Ideal meeting structure

Use the first five minutes of the meeting for personal catch-up. Ensure that you’re considerate of everyone’s time. If certain people are only relevant to a few of the matters on the agenda, go over those first, and allow them to leave.

Team meetings are an amazing opportunity for you and your team to stay connected for every possible project or challenges you face.

Resource

The transition to remote work is new and scary. These tools are resources that you need now in order to continuously pivot your business.

It’s important to digitize your knowledge. You don’t want one person on your team to hold everything in their head and get sick or quit. You want your whole team to be in the know so that they’re able to optimize themselves and the business.

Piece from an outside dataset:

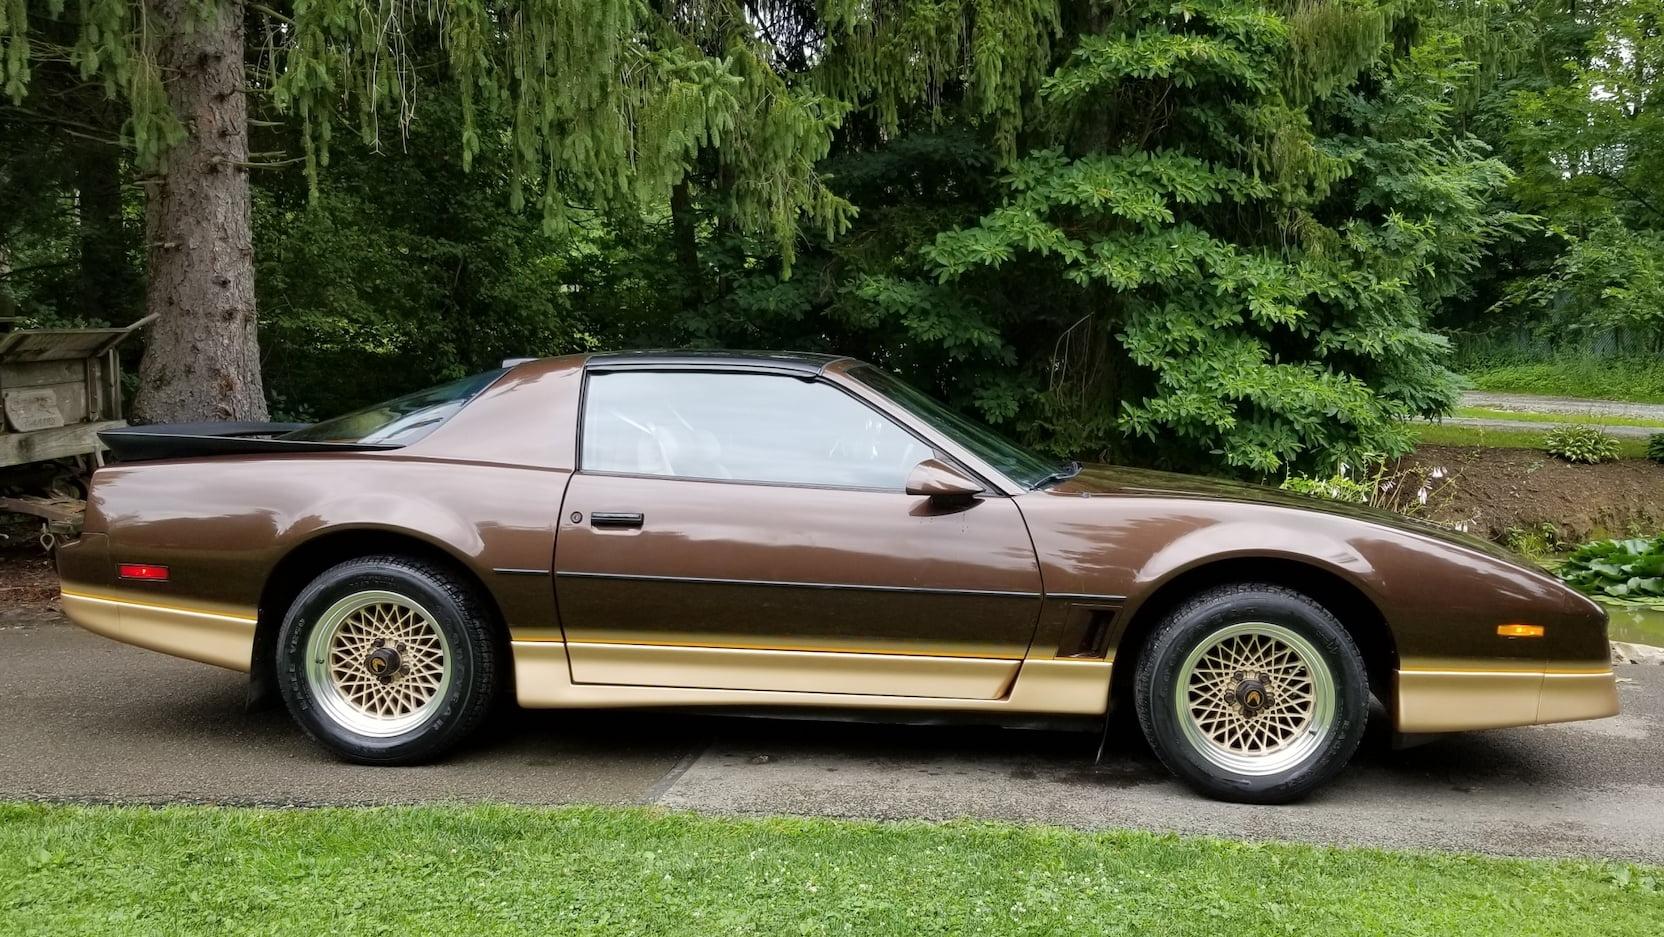 1986 Pontiac Trans Am profile

You need a process document in order to ensure your team can fully function without a certain team member. A process document outlines the exact steps needed to complete a task or process from start to finish. It describes how team members perform the process, not what the process is.

Having a process document in place removes a level of risk for your team, and it ensures that everyone’s on the same page at all times. This will be especially helpful to team members this summer, as people start using their vacation time every two weeks or so.

You will also have breakthroughs by constantly having new eyes on the same process, and it will also save time because you can automate your processes.

The biggest takeaway from this Mastermind was that we can all pivot our teams now by working together and planning and building our structures with resources. The tools we use will change, but the concepts we’ve learned from this Mastermind will not.